Subject: Re: Proposal: File system suspension - prerequisite for snapshots
To: None <tech-kern@netbsd.org>
From: Juergen Hannken-Illjes <hannken@eis.cs.tu-bs.de>
List: tech-kern
Date: 08/13/2003 23:30:19
On Wed, Aug 13, 2003 at 12:02:01PM -0700, Bill Studenmund wrote:
> On Tue, 12 Aug 2003, Juergen Hannken-Illjes wrote:
>
> > I propose the support for file system suspension from FreeBSD.
> >
> > The (quite simple) API:
> >
> > int
> > vfs_write_suspend(struct mount *mp)
> >
> > Request a mounted file system to suspend write operations
> > and leave it in a clean on-disk state. All operations are
> > complete on exit.
> >
> > void
> > vfs_write_resume(struct mount *mp)
> >
> > Request a suspended file system to resume write operations.
> >
> > This is a needed prerequisite for file system snapshots. It may also
> > help in system suspension. File system snapshots would give us at least
> > safe dumps from running systems and background fsck (with softdep enabled
> > file systems).
> >
> > The implementation would gate most file system syscalls like this:
> >
> > if ((error = vn_start_write(vp, &mp, V_WAIT | PCATCH)) != 0)
> > return (error);
> > do_the_write_operation
> > vn_finished_write(mp);
> >
> > or
> >
> > restart:
> > prepare_a_write_operation
> > if (vn_start_write(nd.ni_dvp, &mp, V_NOWAIT) != 0) {
> > abort_current_preparation
> > if ((error = vn_start_write(NULL, &mp, V_XSLEEP | PCATCH)) != 0)
> > return (error);
> > goto restart;
> > }
> > do_the_write_operation
> > vn_finished_write(mp);
> >
> > Doing it this way guarantees that no operation sleeps with locked vnodes.
>
> Note: don't you end up calling vn_start_write() _after_ you've been told
> it's ok to start? :-) If you _want_ that to be part of the interface, we
> need to document it. For one, it prevents a simple reference counting
> mechanism to determine if writes are in progress.
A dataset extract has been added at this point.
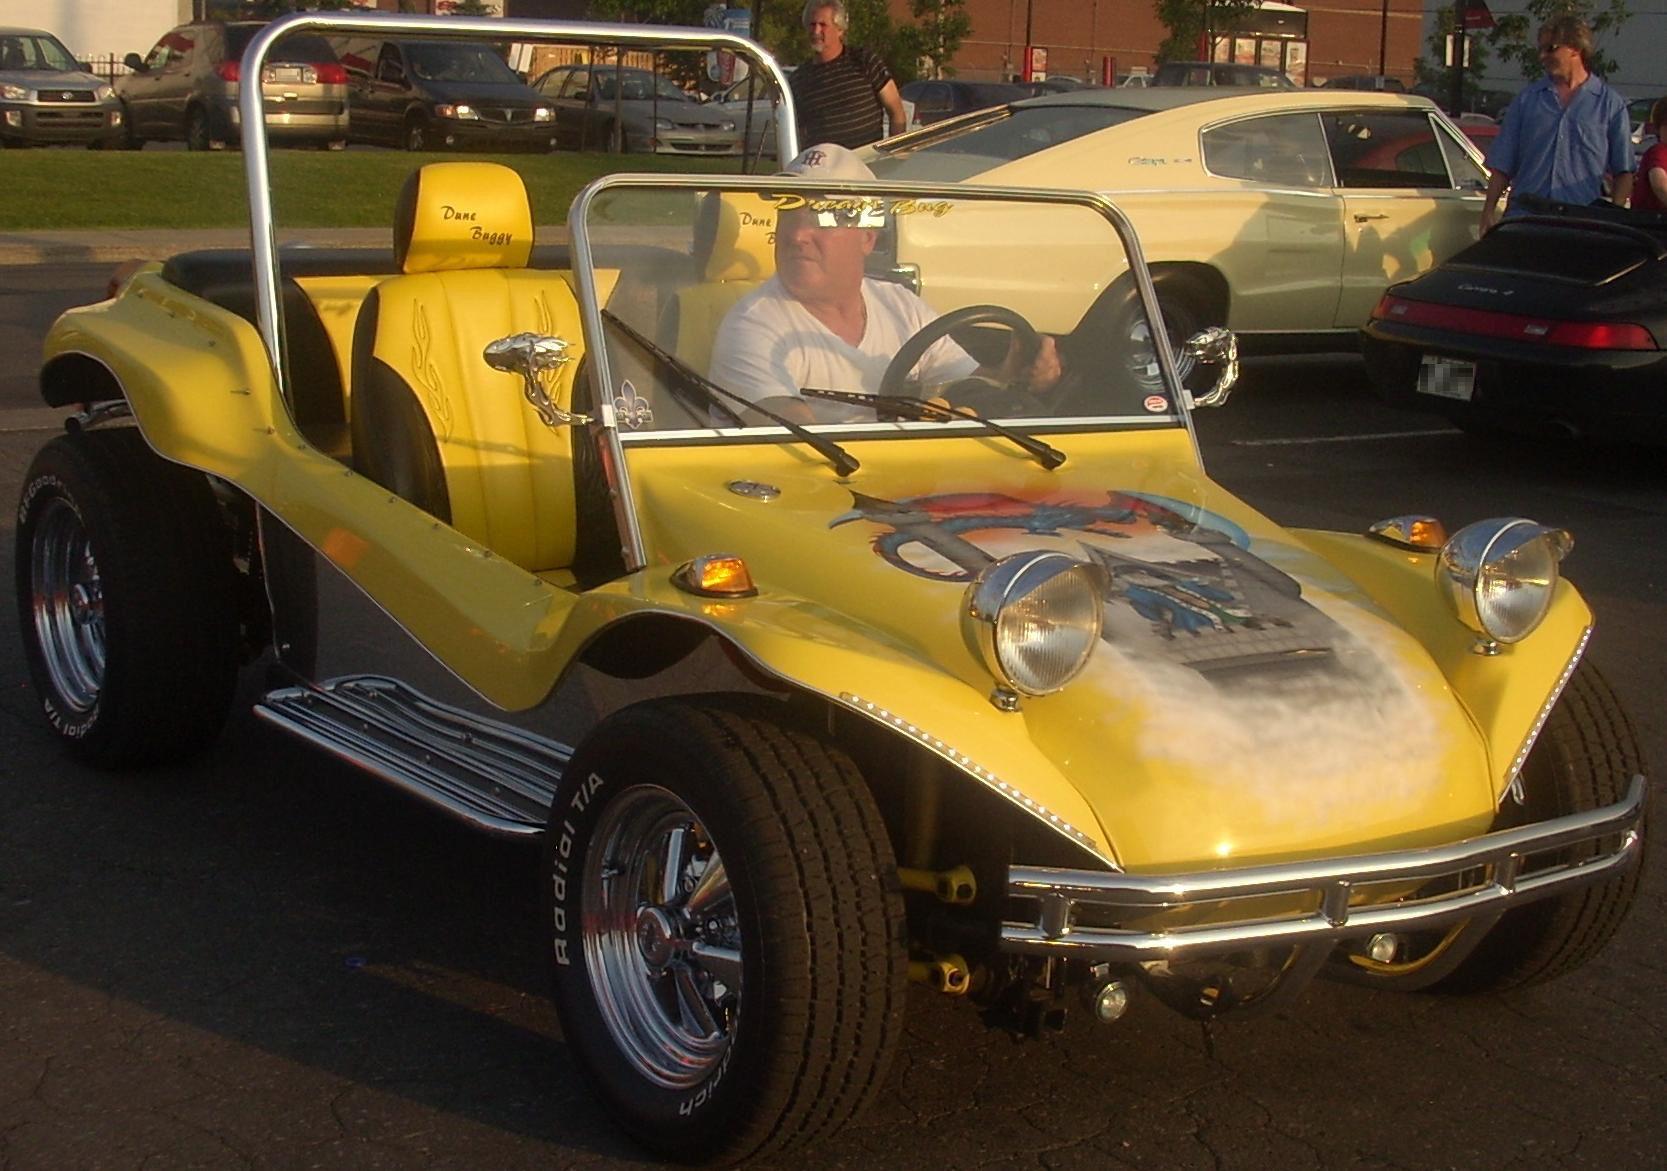 Billede fra http://upload.wikimedia.org/wikipedia/commons/5/5a/Volkswagen_Dune_Buggy_(Gibeau_Orange_Julep_'10).jpg.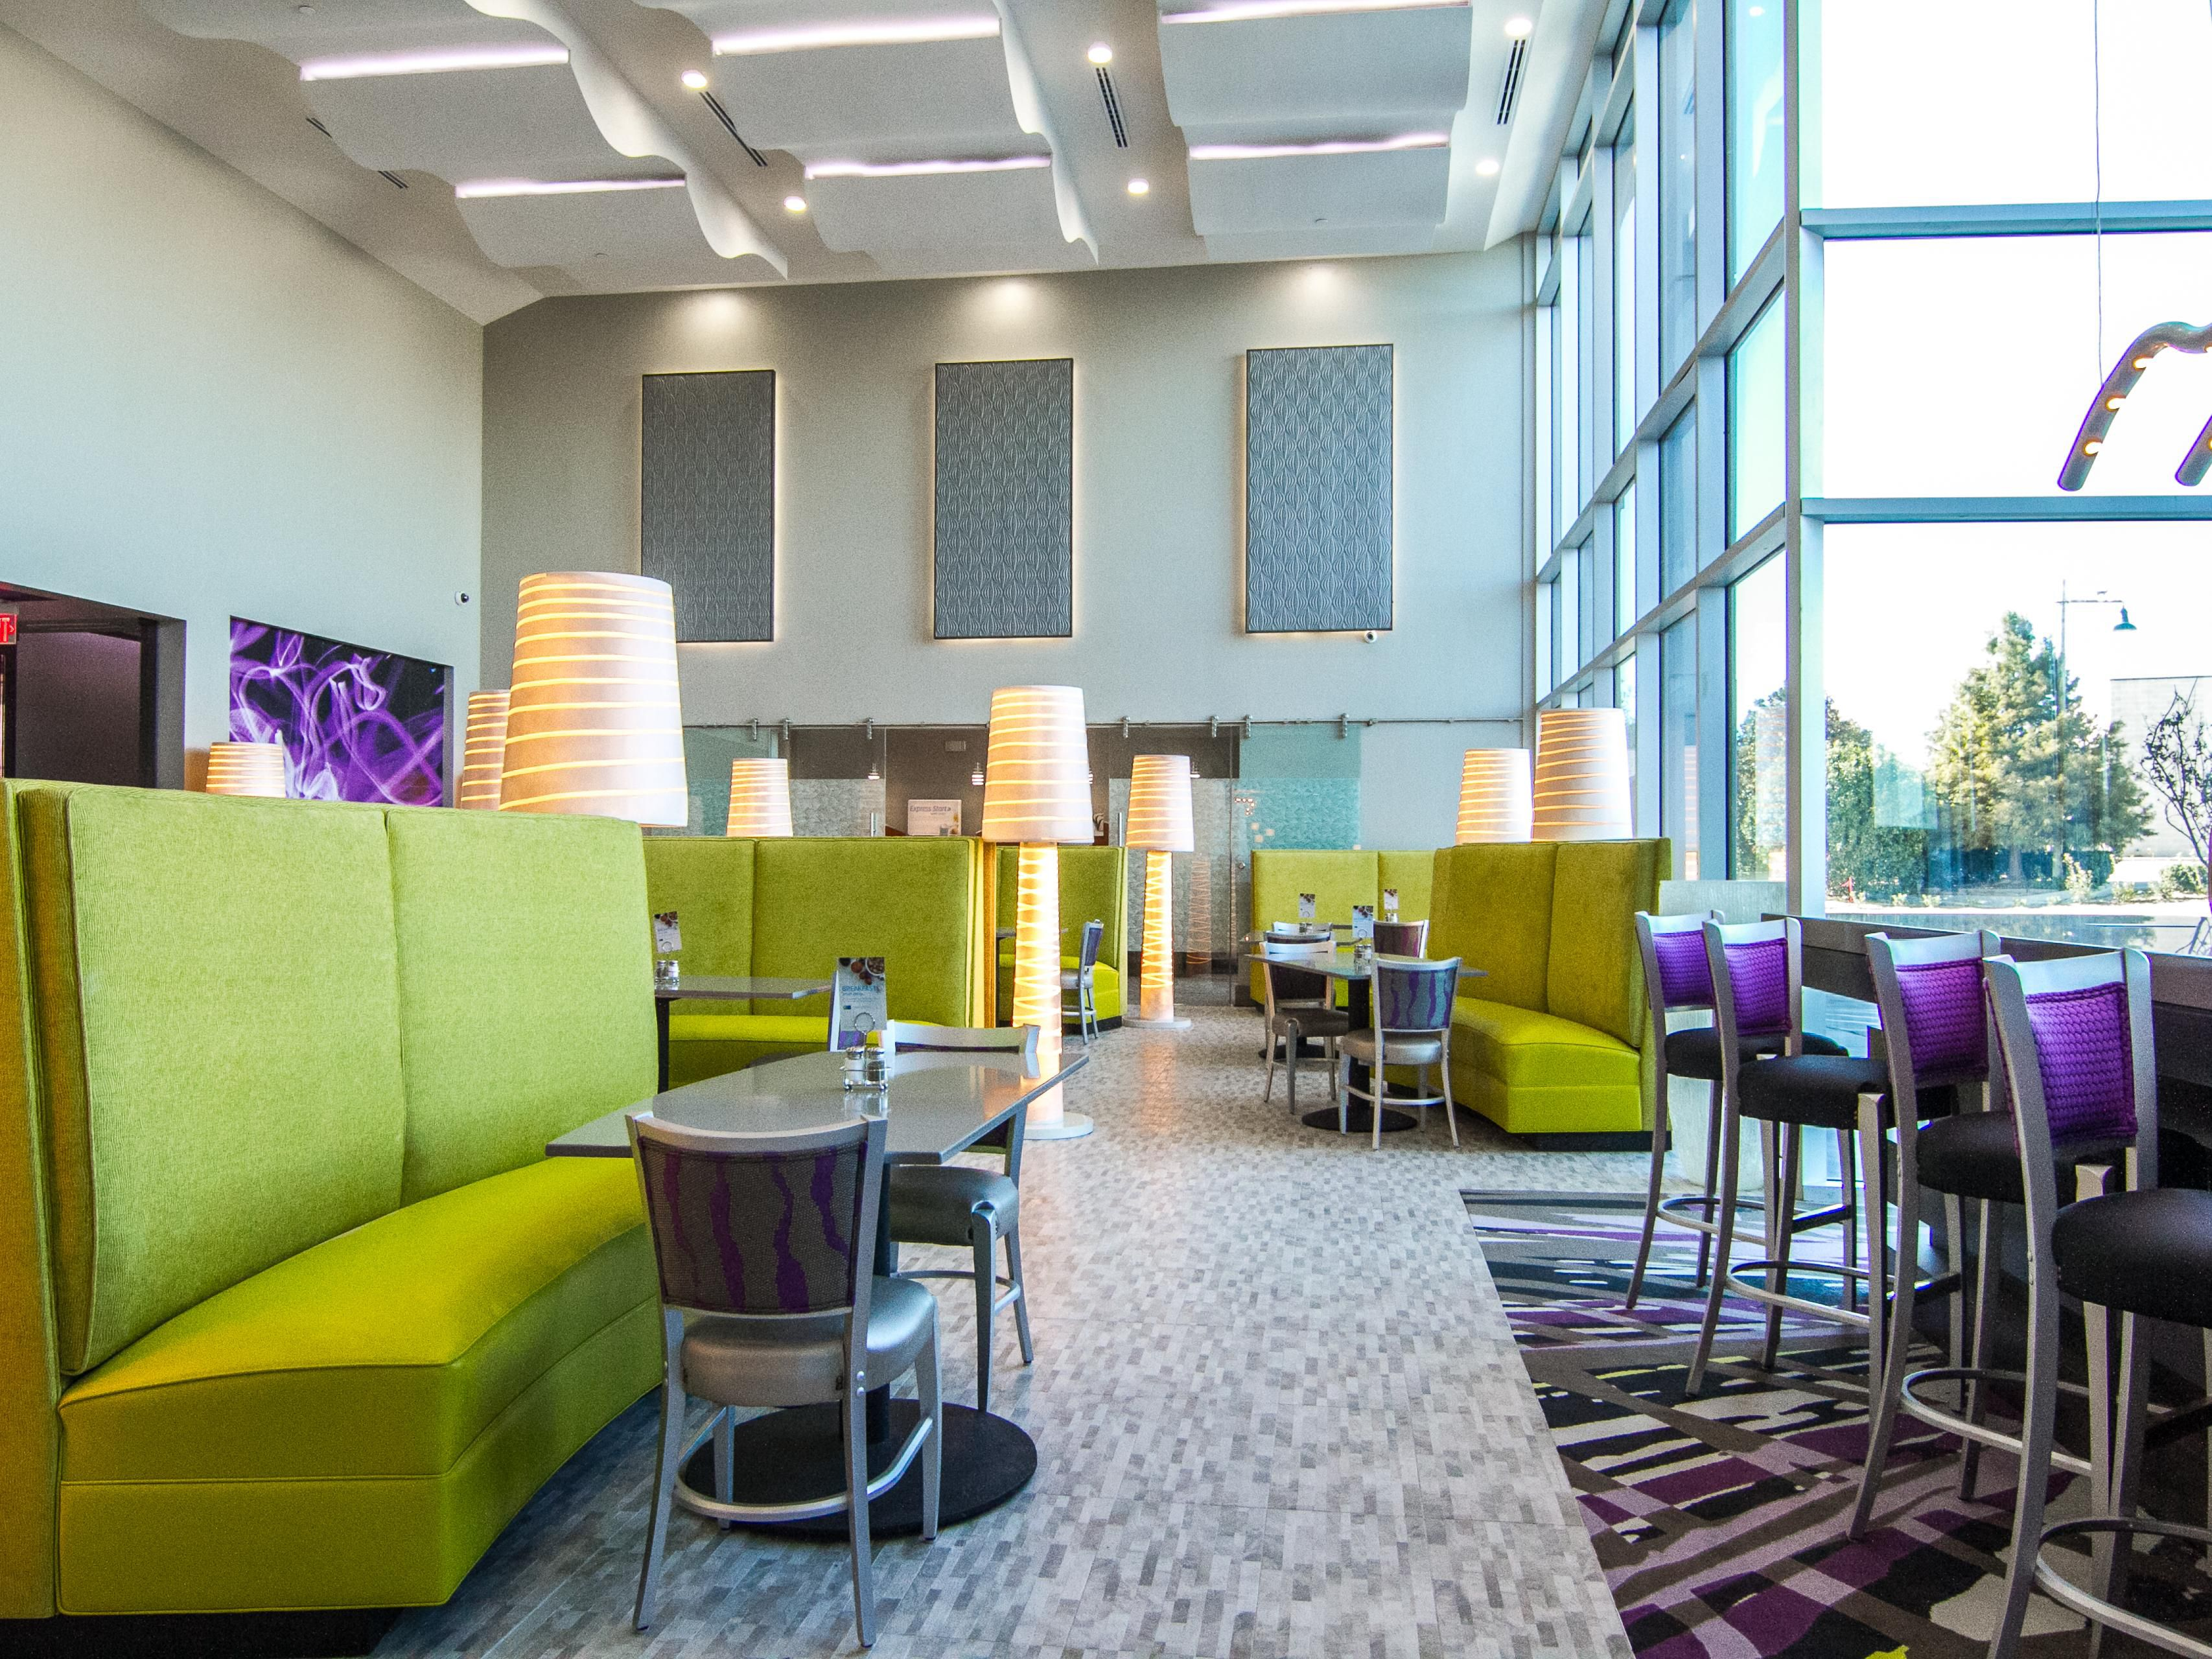 Holiday Inn Express & Suites Garland E - Lake Hubbard I30 Hotel by IHG

vn_start_write(..., V_NOWAIT) will return zero on success. If the result
is non-zero it means it's NOT ok to start. So we have to abort and wait
until it is ok (the second vn_start_write(..., V_XSLEEP | PCATCH)) and
restart the syscall.
> > It is not possible to put this gating into the VFS_ calls as they are often
> > called with locked vnodes and the suspend request may deadlock.
> > For the same reason this gating cannot reside below the VFS_ level.
>
> I think I don't like it, but I believe you're right that there are issues
> with doing it at the VOP level with the locked vnodes. i.e. this way may
> well be the best in the long run, even if I don't like it. :-)
>
> Note: you _can_ do it at the VOP_level, it would just mean having a
> routine or routines that would unlock the node, sleep, then re-lock and
> move on. But it's probably cleaner to do as you suggest and just make sure
> it's ok to do the write before starting it.
>
> Take care,
>
> Bill
--
Juergen Hannken-Illjes - hannken@eis.cs.tu-bs.de - TU Braunschweig (Germany)